This repository contains the code and data pipeline for the paper:
Beyond Accuracy: Characterizing Code Comprehension Capabilities in (Large) Language Models Felix Machtle, Jan-Niclas Serr, Nils Loose, Thomas Eisenbarth University of Luebeck, Germany
We investigate whether LLM code comprehension aligns with human-centric software metrics or reflects distinct, non-human-interpretable patterns. The task is binary I/O consistency: given a program p, input x, and candidate output y, judge whether y is the correct output of running p on x.
Key findings:
- Traditional software metrics predict LLM success weakly (AUROC 0.63)
- A learned shadow model (fine-tuned UniXcoder) achieves AUROC 0.86
- Aggregate benchmarks obscure important model specialization differences
| Model | Accuracy | F1 |
|---|---|---|
| GPT-OSS 120B | 0.960 | 0.959 |
| Llama 3.3 70B Instruct | 0.738 | 0.662 |
| Mistral Small 24B Instruct | 0.744 | 0.685 |
| Phi-4 | 0.733 | 0.674 |
| CodeLlama 13B Instruct | 0.506 | 0.062 |
The full dataset is available on Hugging Face: Felix6326727/beyond-accuracy-code-comprehension
It contains ~80GB of samples with:
- Source code from the Python subset of Project CodeNet
- Generated I/O pairs produced by our type-aware fuzzer
- 200+ static code metrics (cyclomatic complexity, AST structure, opcode statistics, etc.)
- LLM evaluation results for 5 models (success/failure on I/O consistency task)
from datasets import load_dataset
ds = load_dataset("Felix6326727/beyond-accuracy-code-comprehension")
print(ds["test"][0]).
├── data_generation/ # Fuzzing pipeline for I/O pair generation
│ ├── main.py # Entry point — orchestrates fuzzing across CodeNet
│ ├── hill_climb.py # Infers input type signatures via hill climbing
│ ├── fuzzer.py # Generates & shrinks minimal I/O pairs
│ ├── fuzzer_proxy.py # Coverage-guided fitness wrapper
│ ├── random_values_lib.py # Random value generators (int/float/string)
│ └── export_io.py # Aggregates results into labeled dataset
│
├── analysis/
│ ├── eval_performance/
│ │ └── evaluate_performance_of_all_models.py # Accuracy/F1 for all LLMs
│ └── feature_importance/
│ ├── step1_create_export.py # Joins LLM results with code metrics
│ ├── step2_find_features.py # XGBoost + SHAP feature analysis
│ └── SAGE.py # SAGE feature importance ranking
└── README.md
The data generation pipeline works as follows:
Python files (CodeNet)
|
v
main.py ────────────────── orchestrates 60 parallel workers
|
├──> hill_climb.py ─── infers input type signature ("genome")

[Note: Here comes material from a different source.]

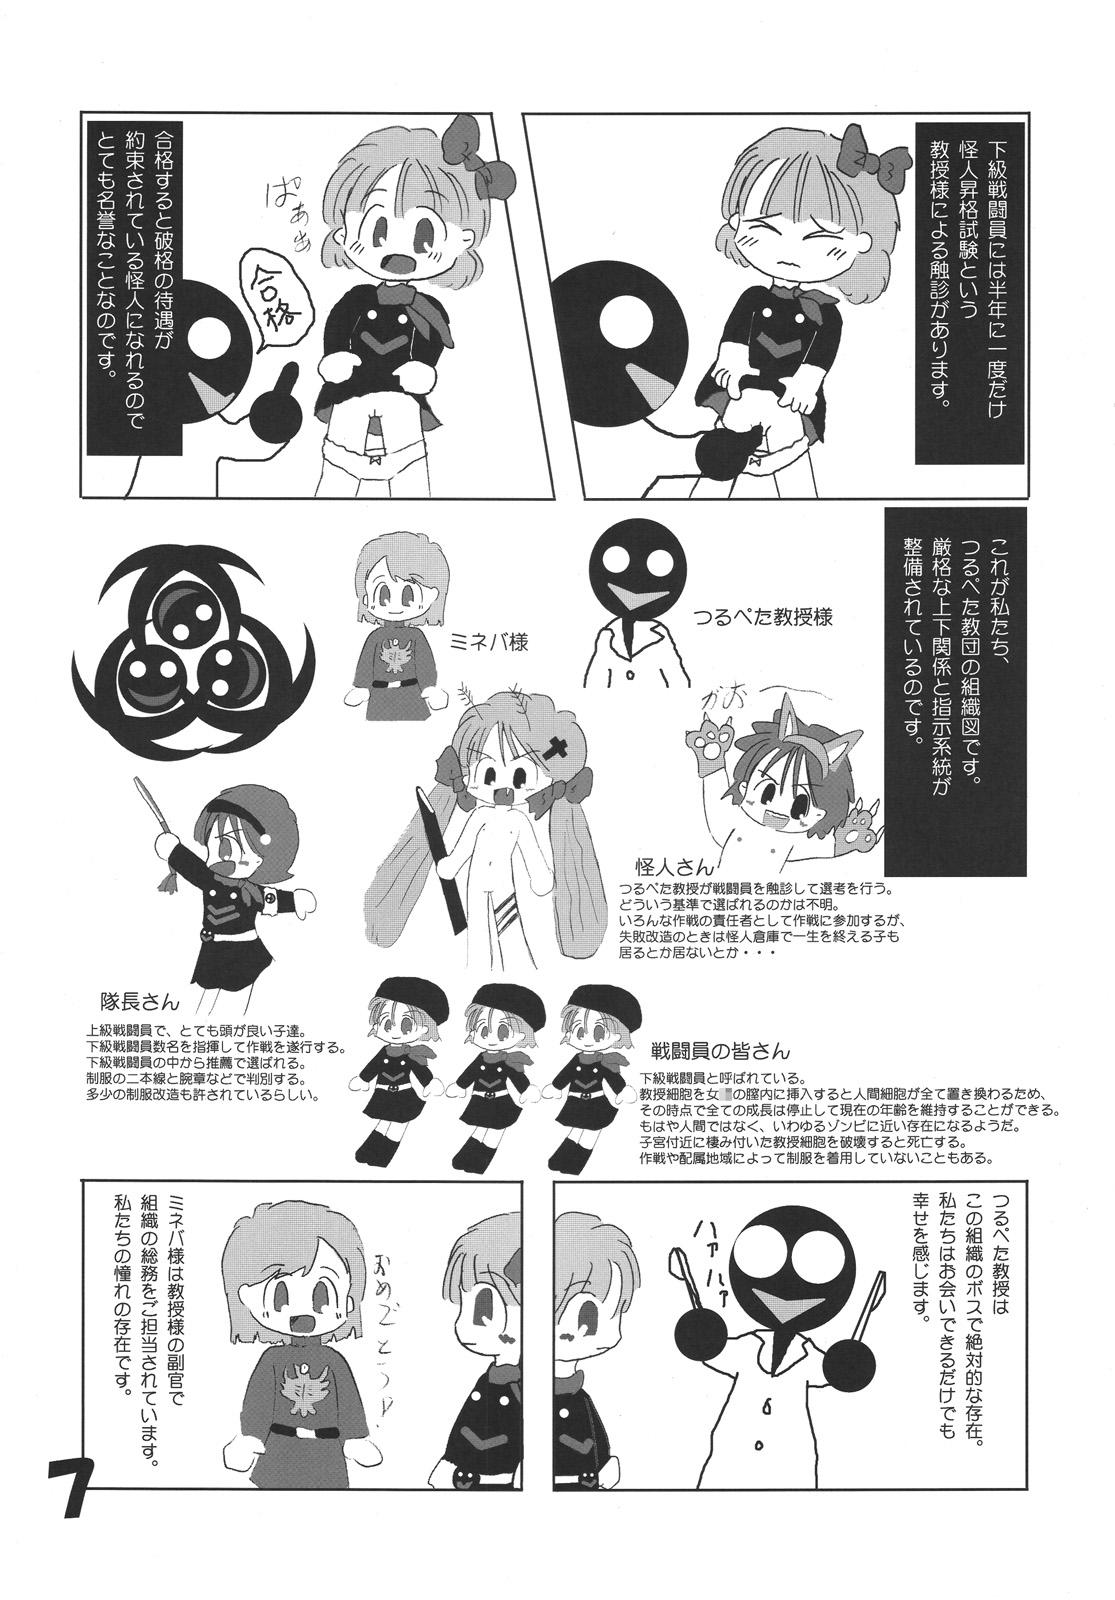 Vintage Tsurupeta Kenkyuu Houkokusho "Kakyuu Sentou In no Isshou" - Turupeta Research Report Gang - Page 6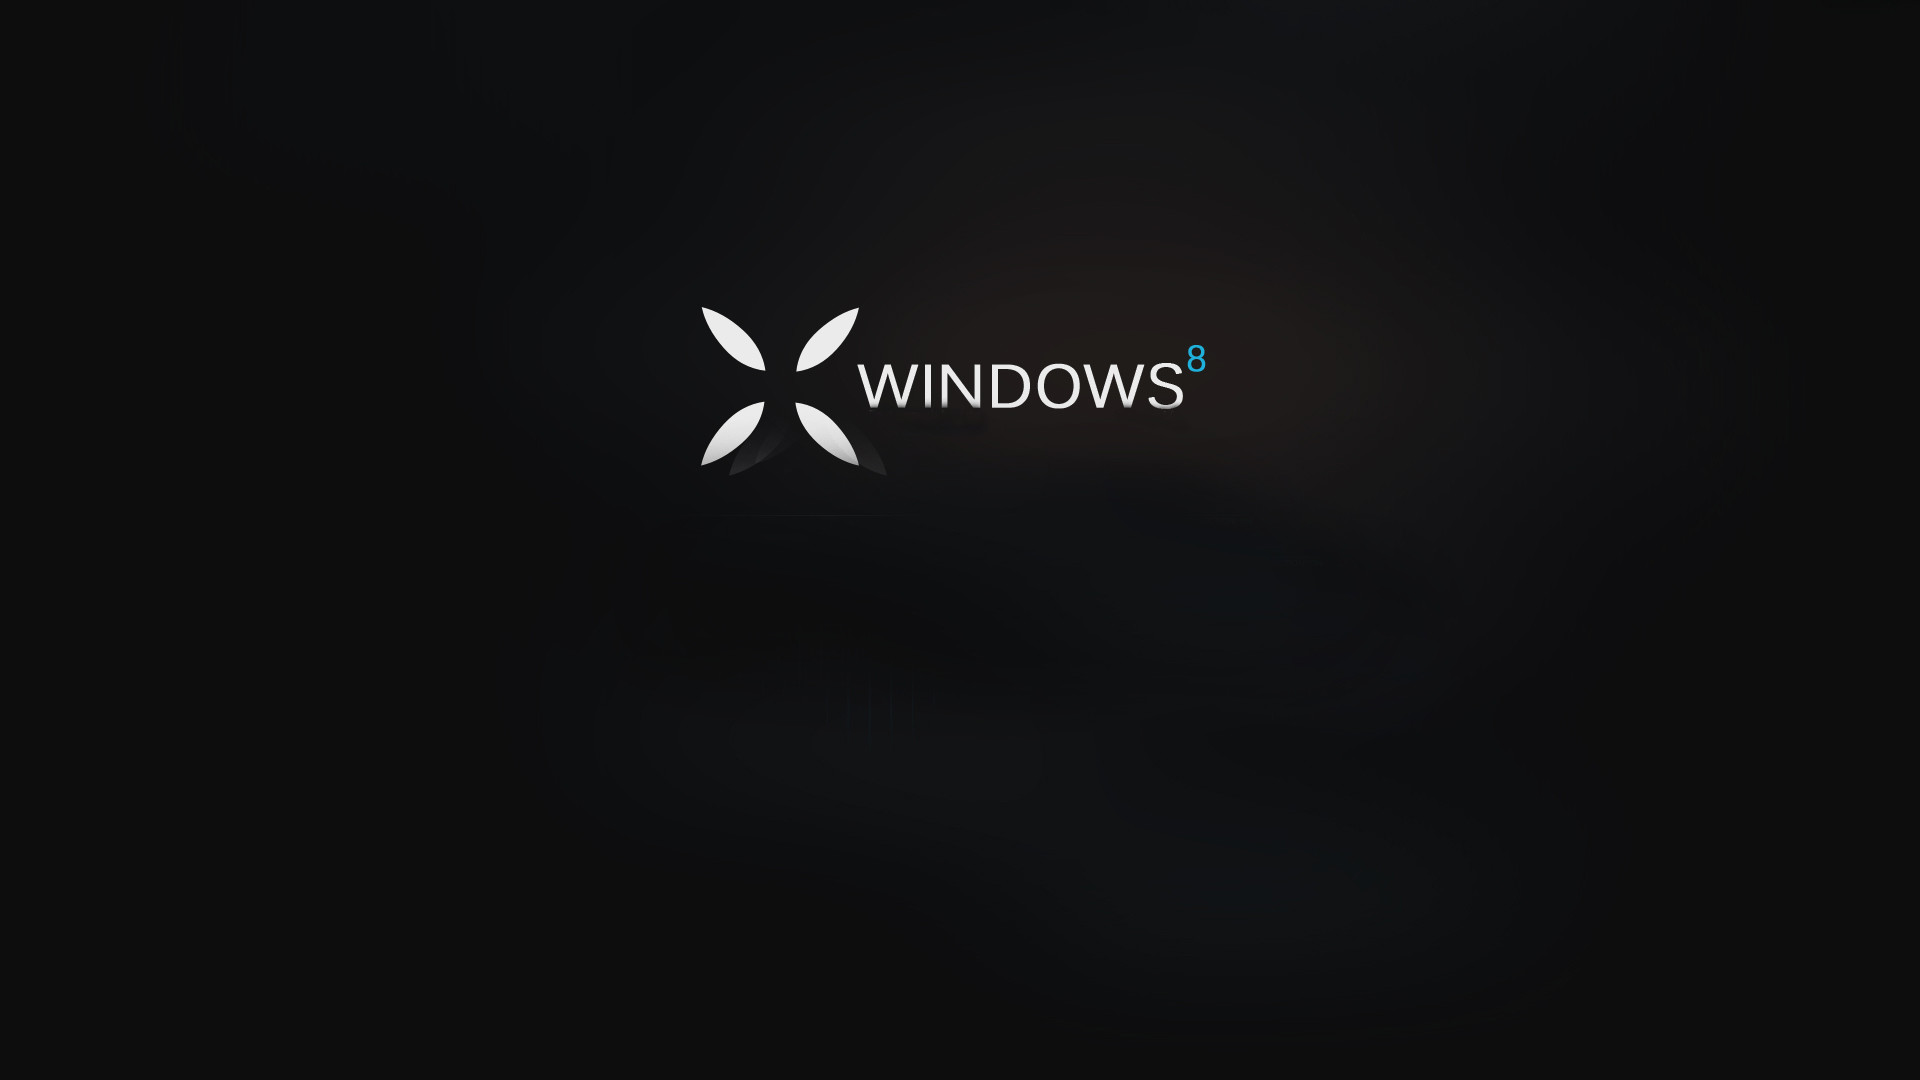 Windows 10 Desktop Is Black 27 Free Hd Wallpaper

| uses fuzzer_proxy.py (coverage-guided fitness)
|
├──> fuzzer.py ──────── generates & shrinks I/O pairs
| uses random_values_lib.py
v
.io2.json files (per source file)
|
v
export_io.py ─────────────── aggregates into labeled dataset
| creates negative examples via in-program shuffling
v
training_data.json / test_data.json
For each Python program, we infer the expected input types using a sequential hill-climbing algorithm. The search space is a "genome" string where each character represents an input type: i (integer), s (string), f (float), b (boolean). Coverage is used as the fitness function.
Using the inferred genome, we generate random inputs, execute the program, and collect (input, output) pairs. Inputs are then shrunk to minimal forms that still produce successful executions.
Negative (incorrect) I/O pairs are created via in-program shuffling: pairing an input with the output of a different input to the same program. This preserves lexical and stylistic characteristics while creating semantically incorrect pairs.
# Using Docker (as in the paper)
docker run -it \
-v $(pwd)/data_generation:/mnt \
-v /path/to/Project_CodeNet_Py_Subset:/Project_CodeNet_Py_Subset \
python:3.14.0b3-alpine3.21 sh
pip install tqdm
cd /mnt
python main.pypip install scikit-learn xgboost shap sage-importance pandas numpy
# Evaluate LLM performance
cd analysis/eval_performance
python evaluate_performance_of_all_models.py
# Feature importance analysis
cd analysis/feature_importance
python step1_create_export.py # Prepare feature matrices
python SAGE.py # SAGE feature importance
python step2_find_features.py # SHAP + token features@article{machtle2025beyond,
title={Beyond Accuracy: Characterizing Code Comprehension Capabilities in (Large) Language Models},
author={Machtle, Felix and Serr, Jan-Niclas and Loose, Nils and Eisenbarth, Thomas},
journal={arXiv preprint arXiv:2601.12951},
year={2025}
}This project is for academic research purposes. The dataset is derived from Project CodeNet (Apache 2.0).